### [Task prompt]
No pictures in the copy. Write out the listing below exactly.

### [Given information]
.....
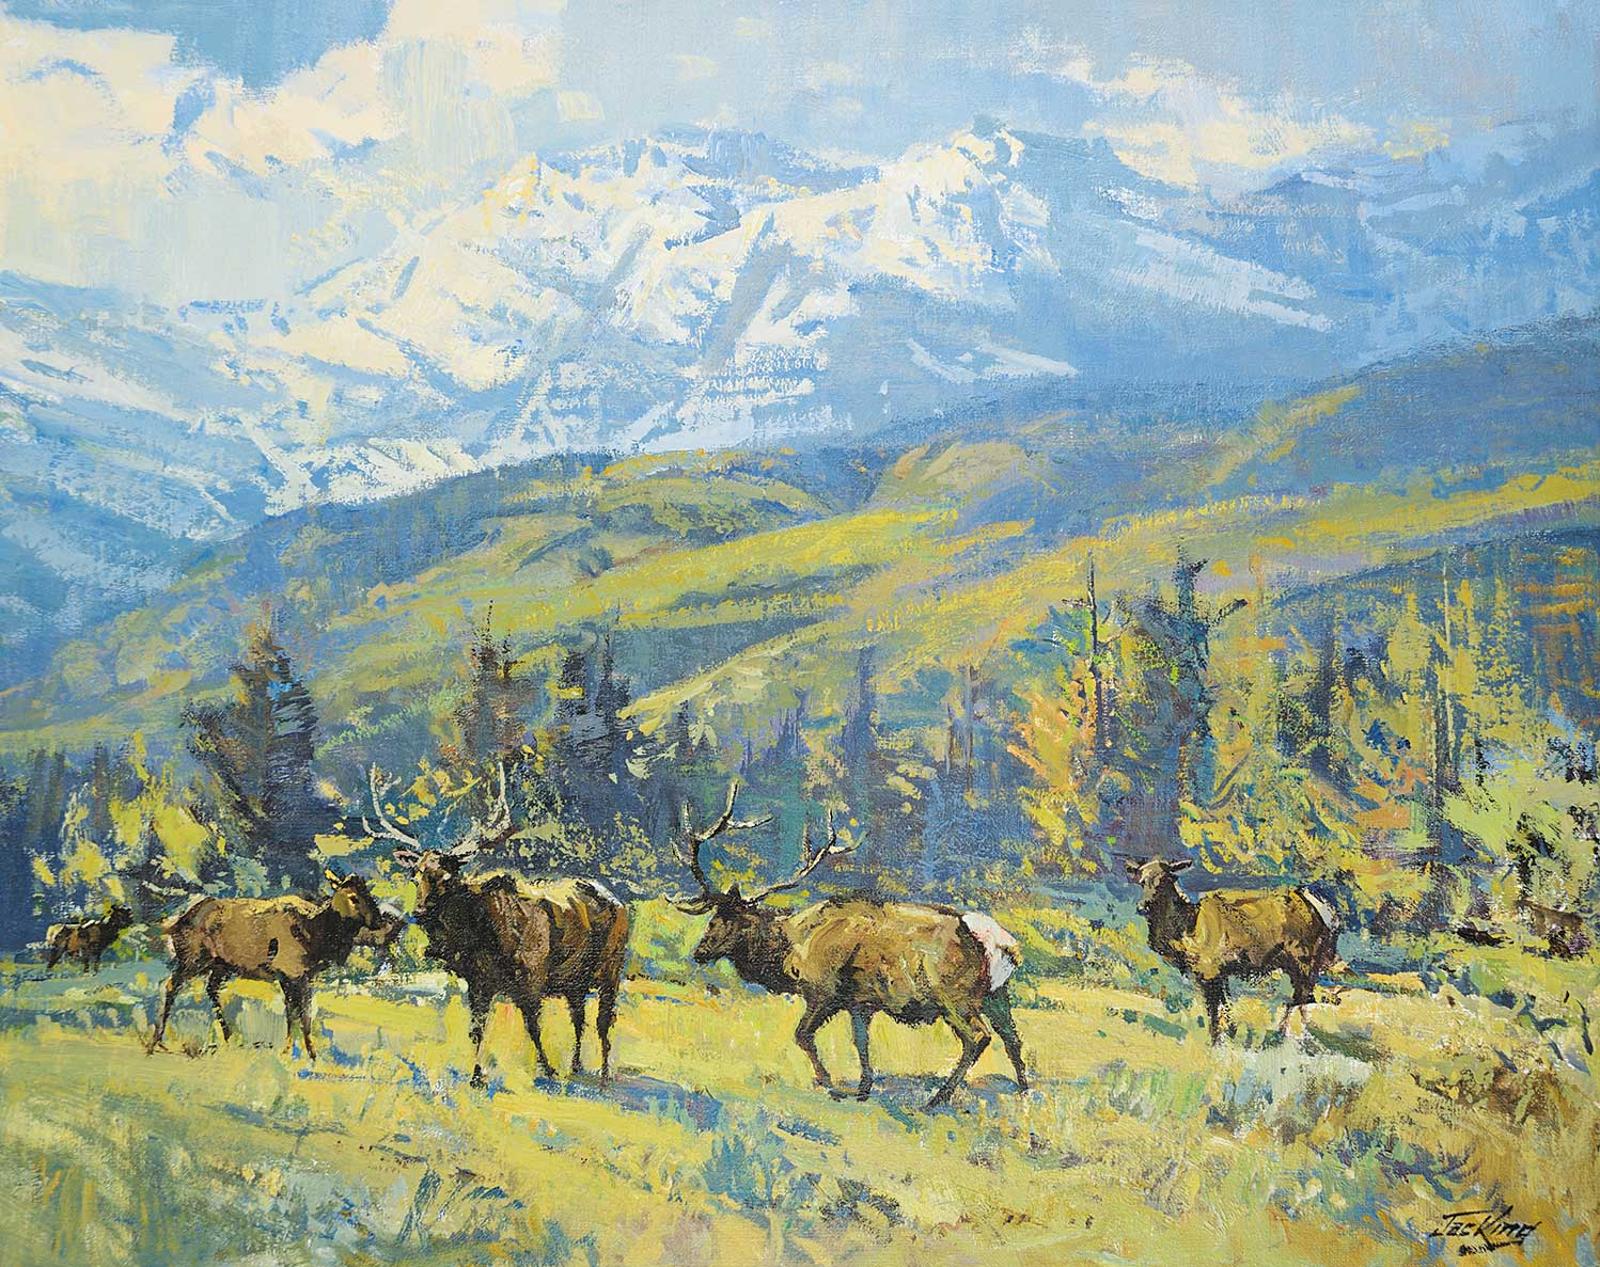 Jack [Jac] Elmo King (1920-1998) - Untitled - Elk Herd in the Mountain Pass
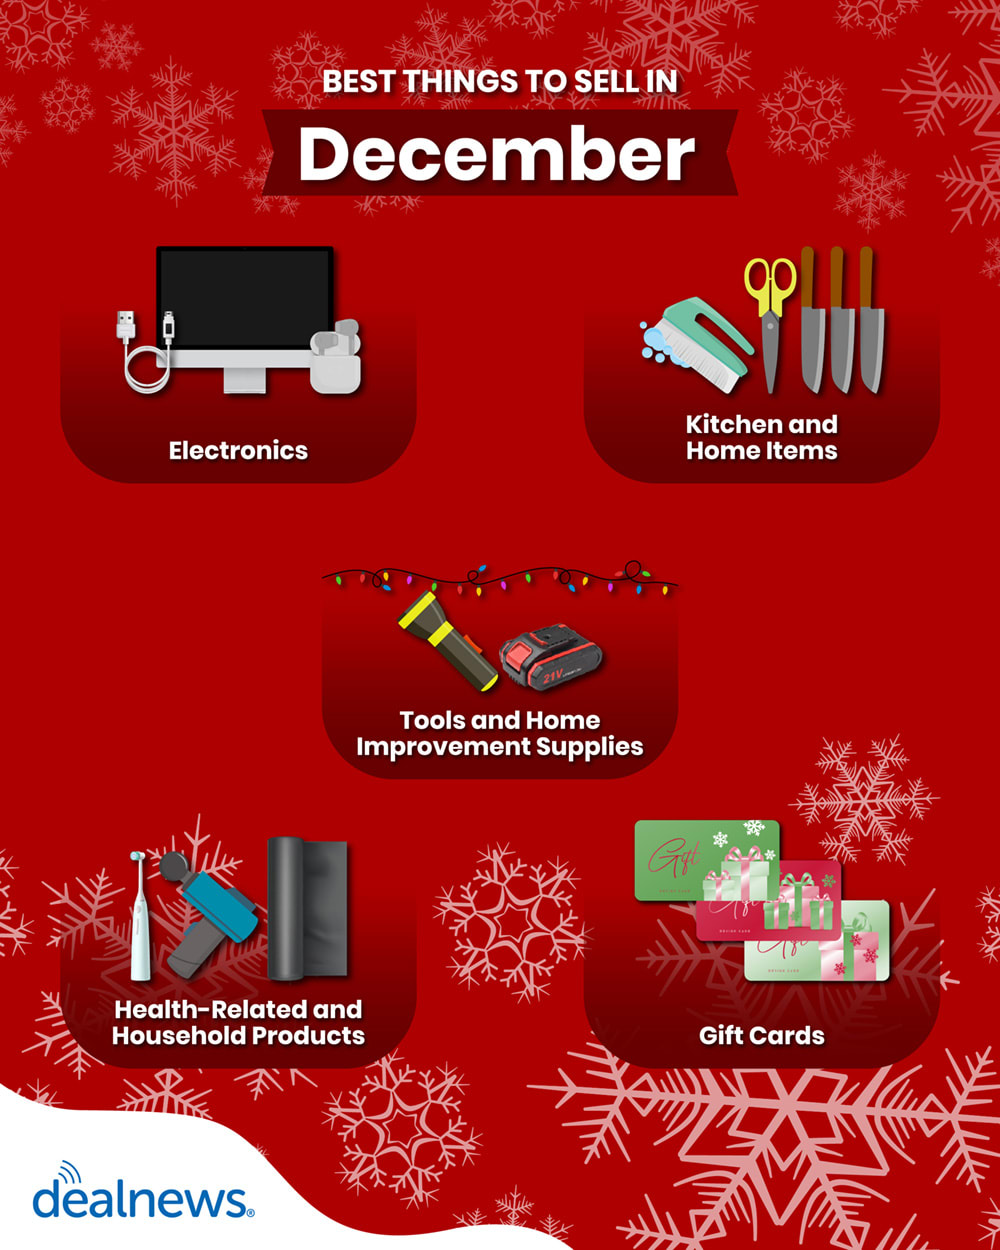 https://c.dlnws.com/image/upload/c_limit,f_auto,q_auto,w_1800/v1702683873/Blog%20Infographics/DN-what-to-sell-in-December-2023.jpg
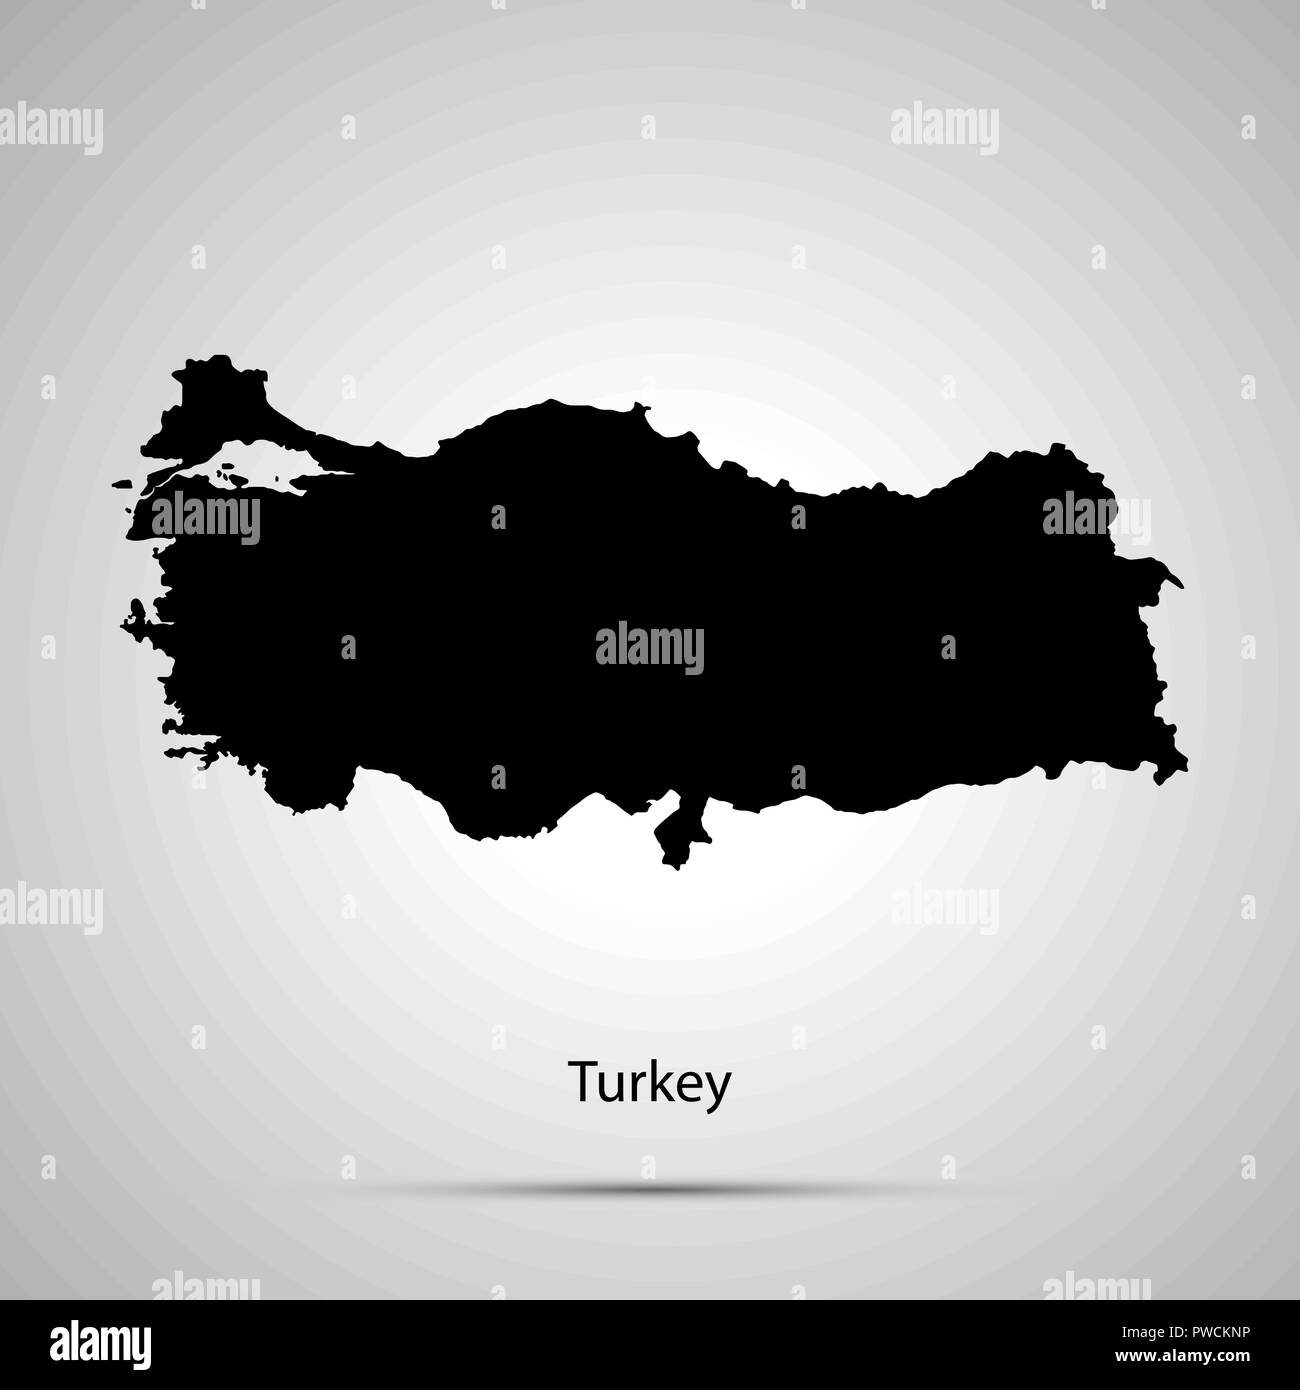 Turkey country map, simple black silhouette Stock Vector
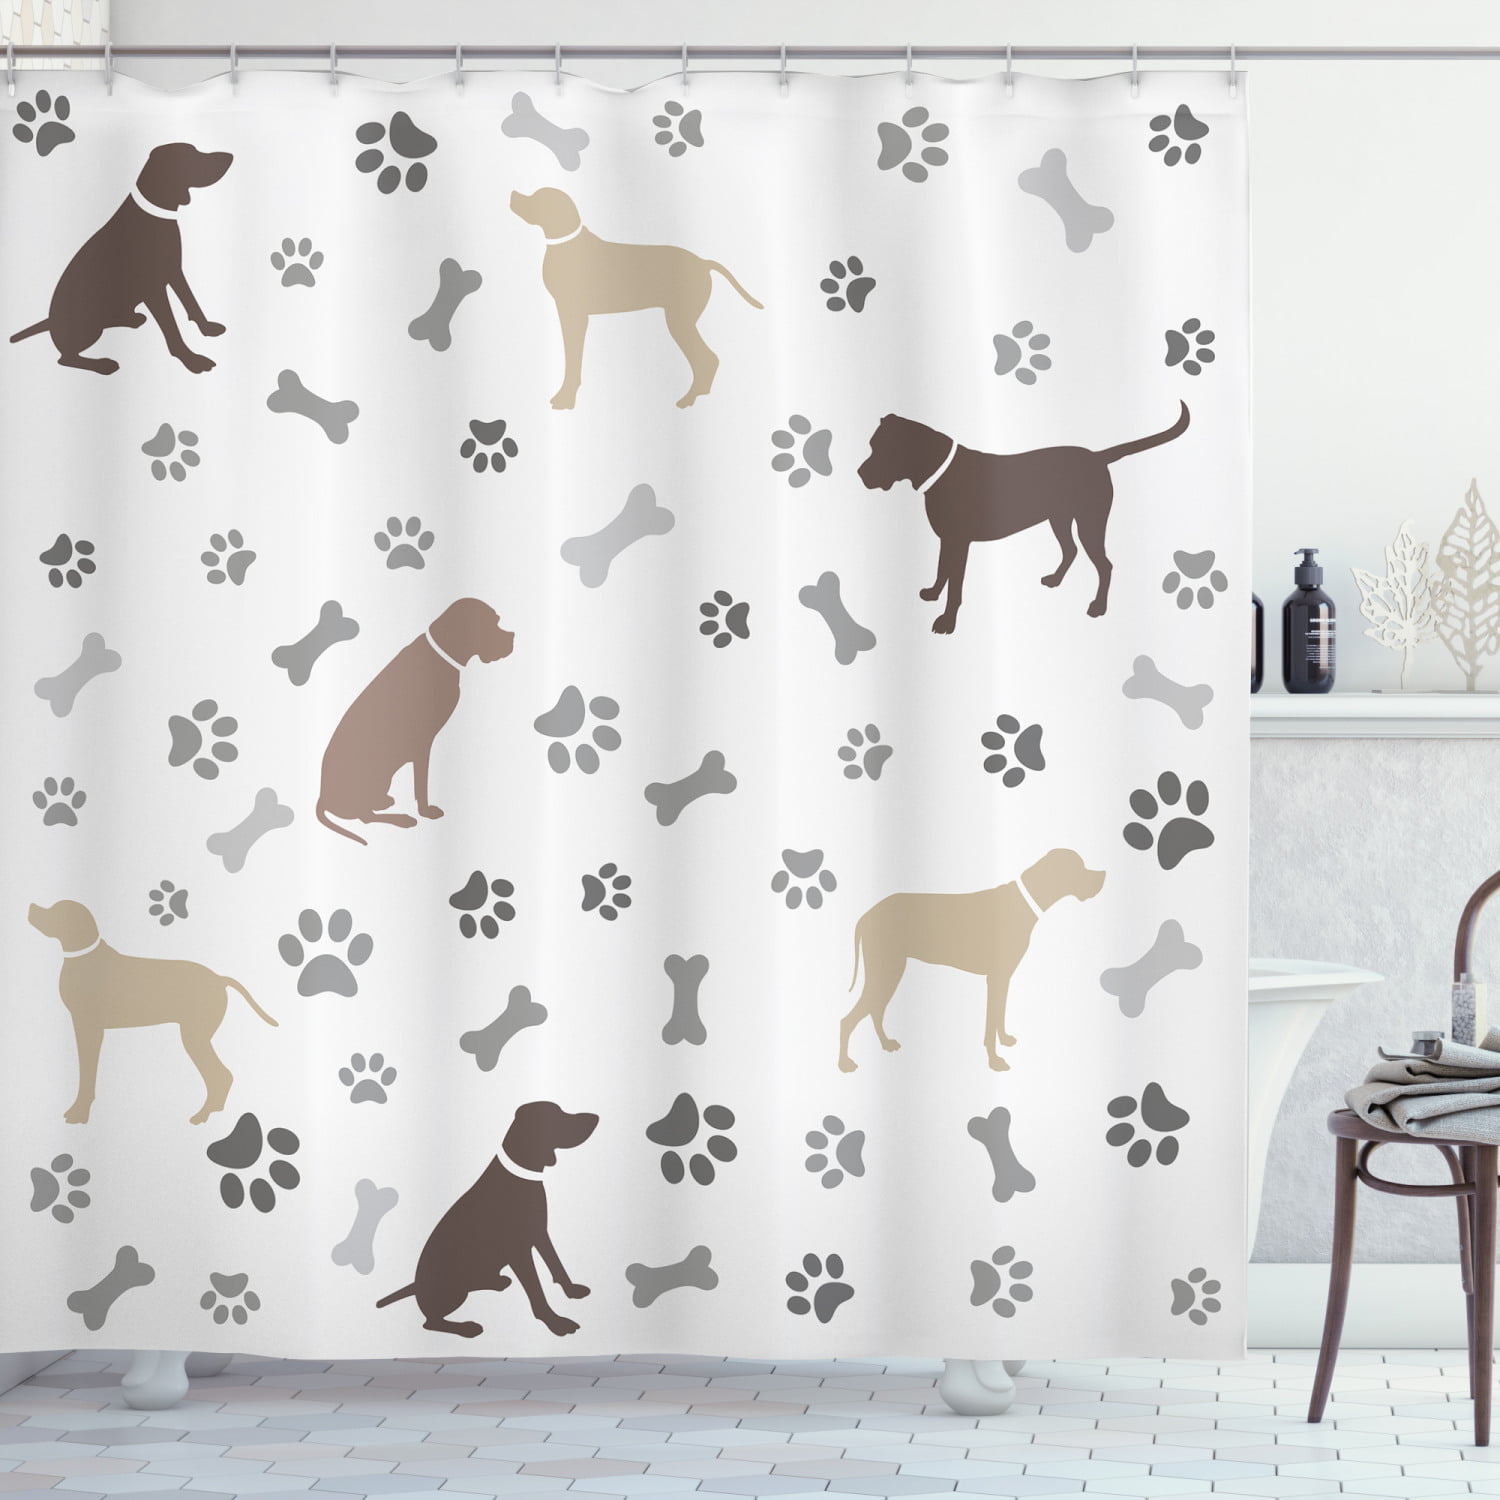 Charcoal Grey 70 Inches Black Silhouettes of Pets in Various Positions Friendly Playful Dog Breed Cloth Fabric Bathroom Decor Set with Hooks Ambesonne Labrador Shower Curtain
.....
### [Solution for this exercise]
 Jack [Jac] Elmo King (1920-1998) - Untitled - Elk Herd in the Mountain Pass
 https://c.dlnws.com/image/upload/c_limit,f_auto,q_auto,w_1800/v1702683873/Blog%20Infographics/DN-what-to-sell-in-December-2023.jpg
 Turkey country map, simple black silhouette Stock Vector
 Charcoal Grey 70 Inches Black Silhouettes of Pets in Various Positions Friendly Playful Dog Breed Cloth Fabric Bathroom Decor Set with Hooks Ambesonne Labrador Shower Curtain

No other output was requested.